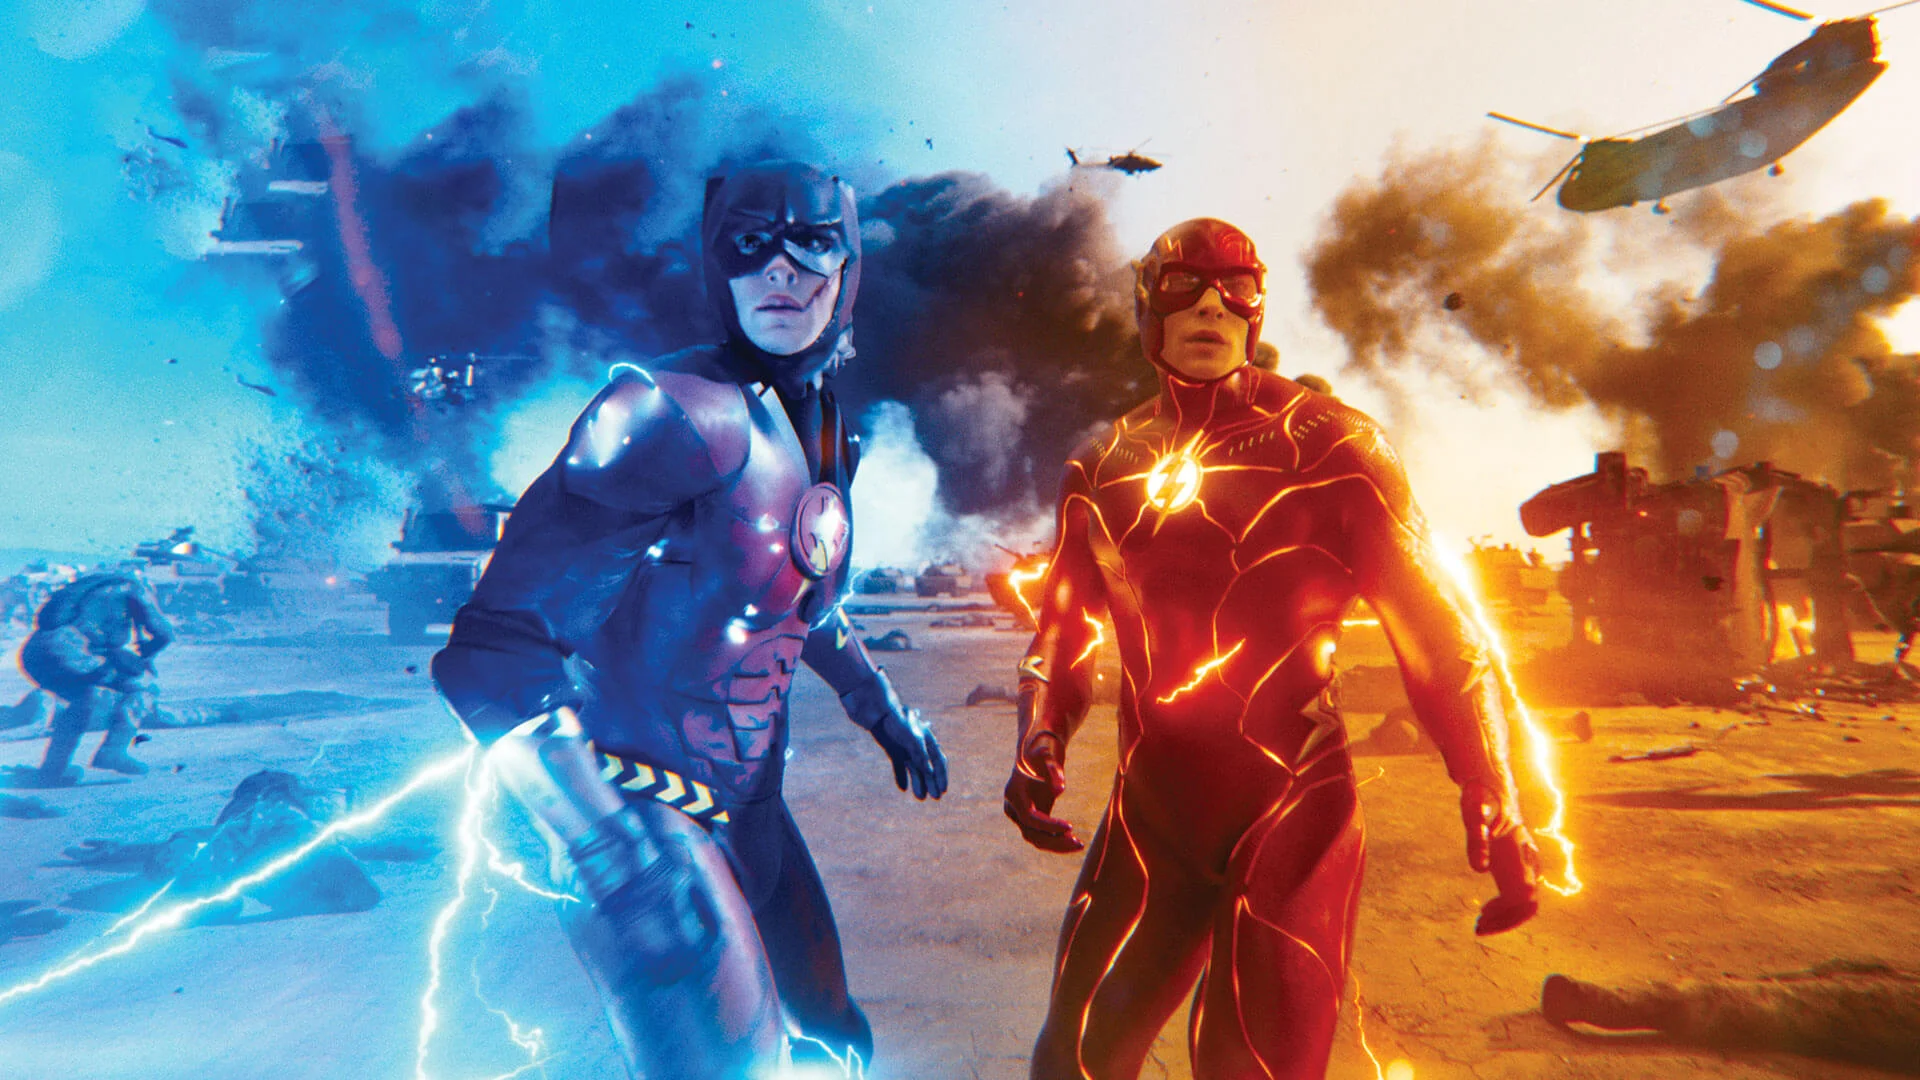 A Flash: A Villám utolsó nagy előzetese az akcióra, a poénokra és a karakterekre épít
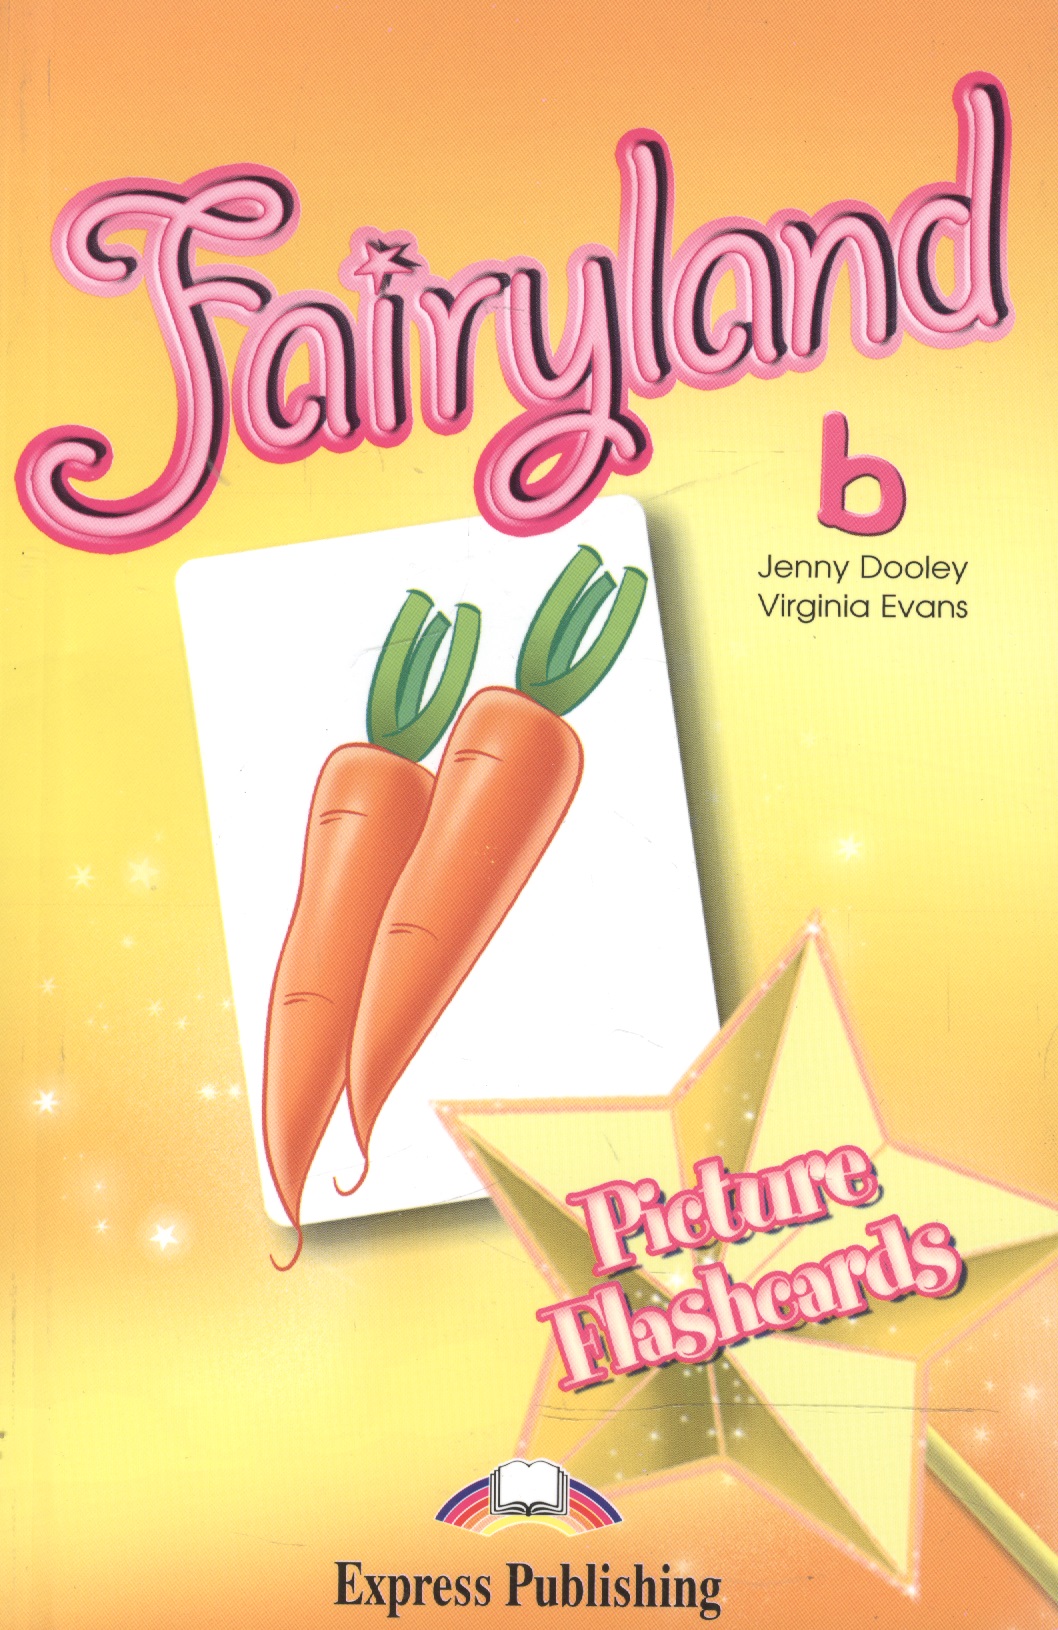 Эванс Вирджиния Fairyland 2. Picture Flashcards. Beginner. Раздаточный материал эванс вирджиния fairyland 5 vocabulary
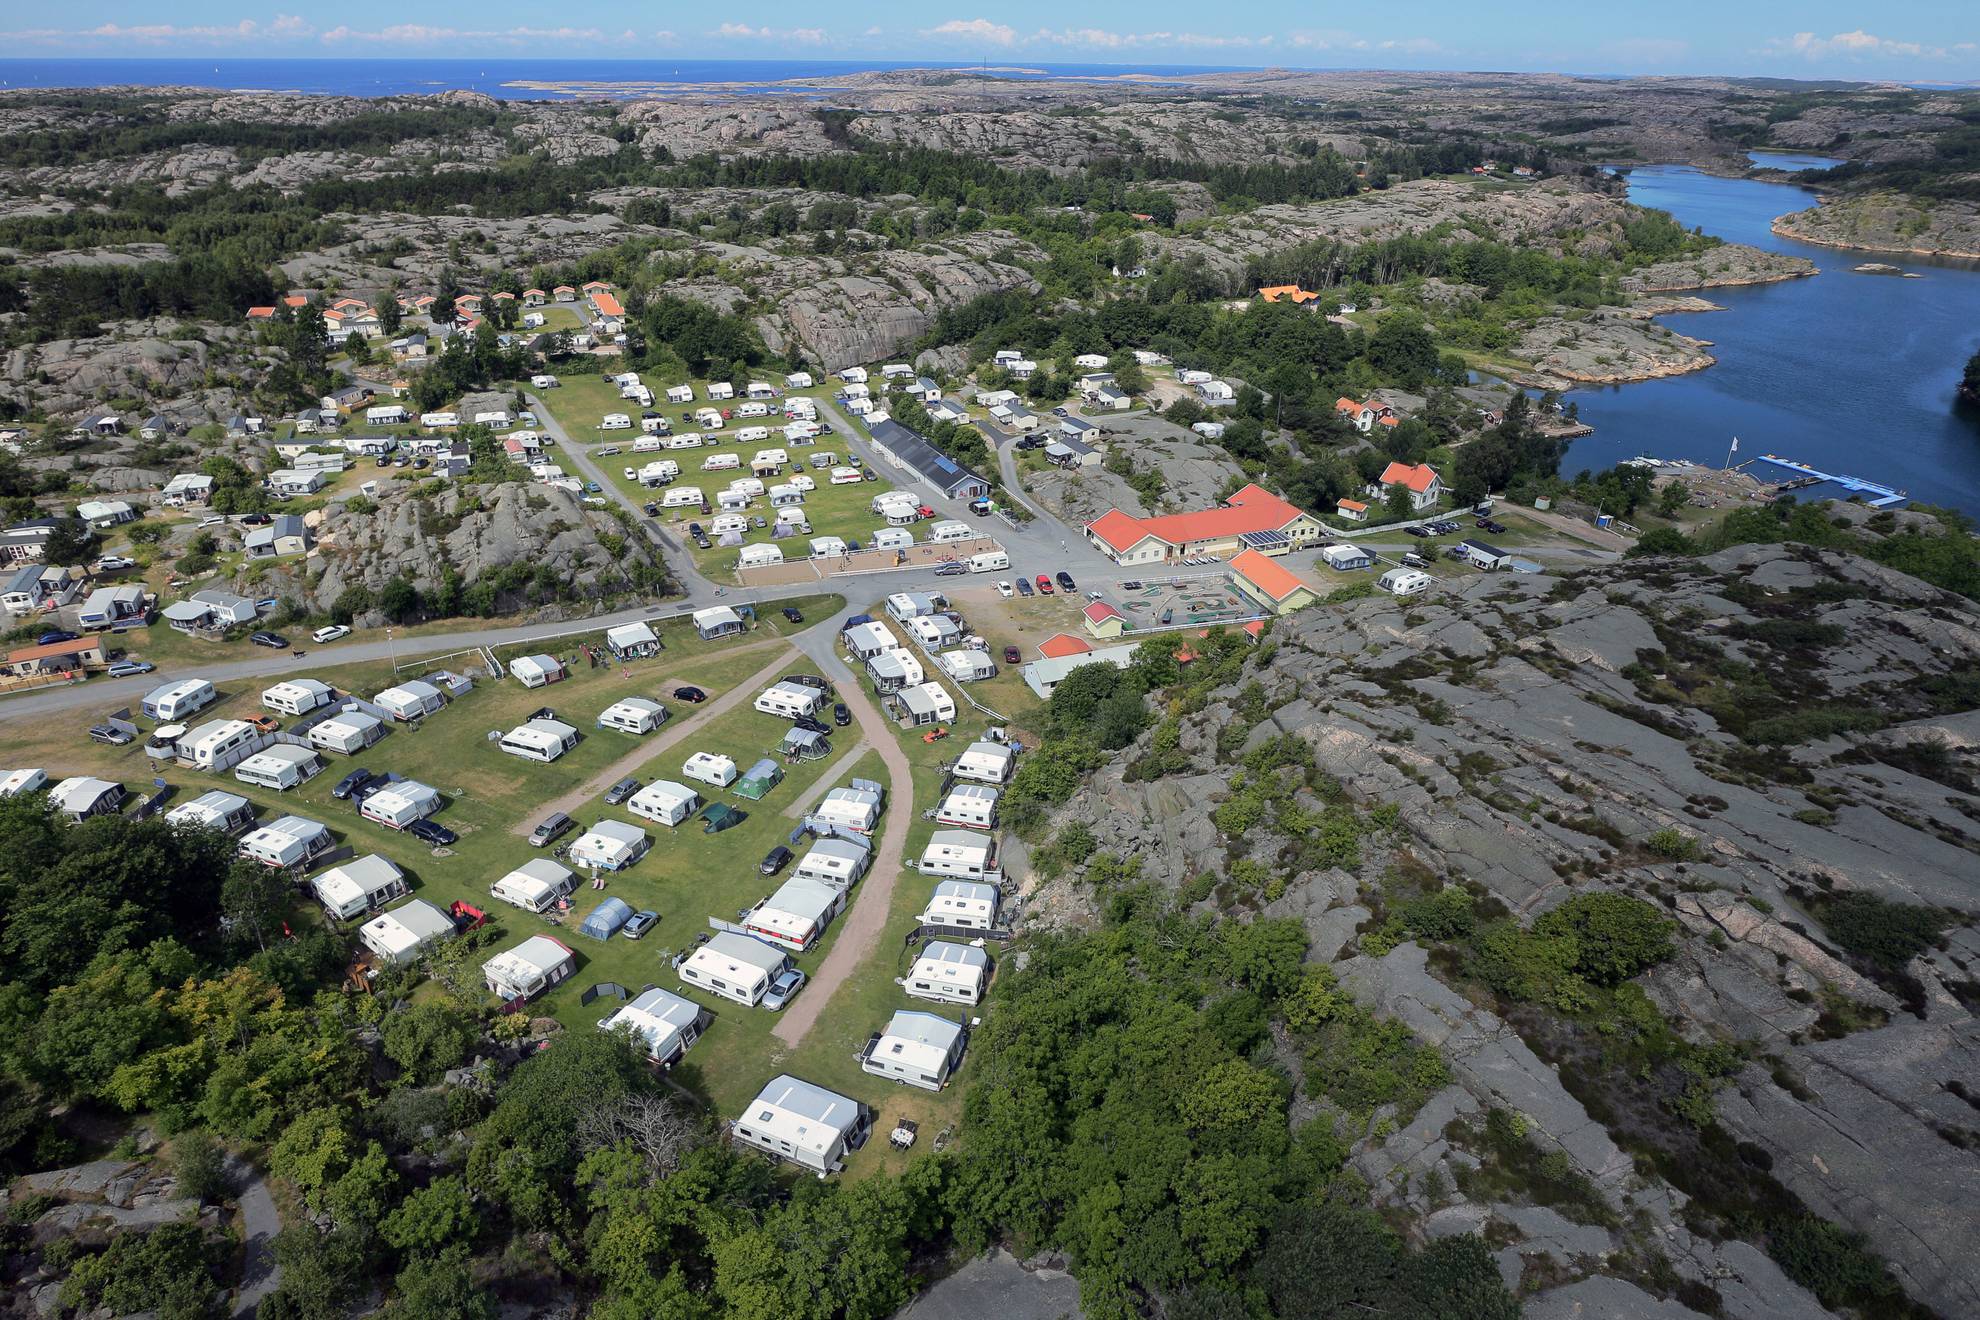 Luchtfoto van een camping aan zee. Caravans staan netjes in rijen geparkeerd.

[PROBLEM DESCRIPTION]: Retype the lines starting with the one that holds "Эванс Вирджиния Fairyland 2." and ending with the last line of the data above, both included; skip the pictures.

[PROBLEM SOLUTION]:
 Эванс Вирджиния Fairyland 2. Picture Flashcards. Beginner. Раздаточный материал эванс вирджиния fairyland 5 vocabulary
 Luchtfoto van een camping aan zee. Caravans staan netjes in rijen geparkeerd.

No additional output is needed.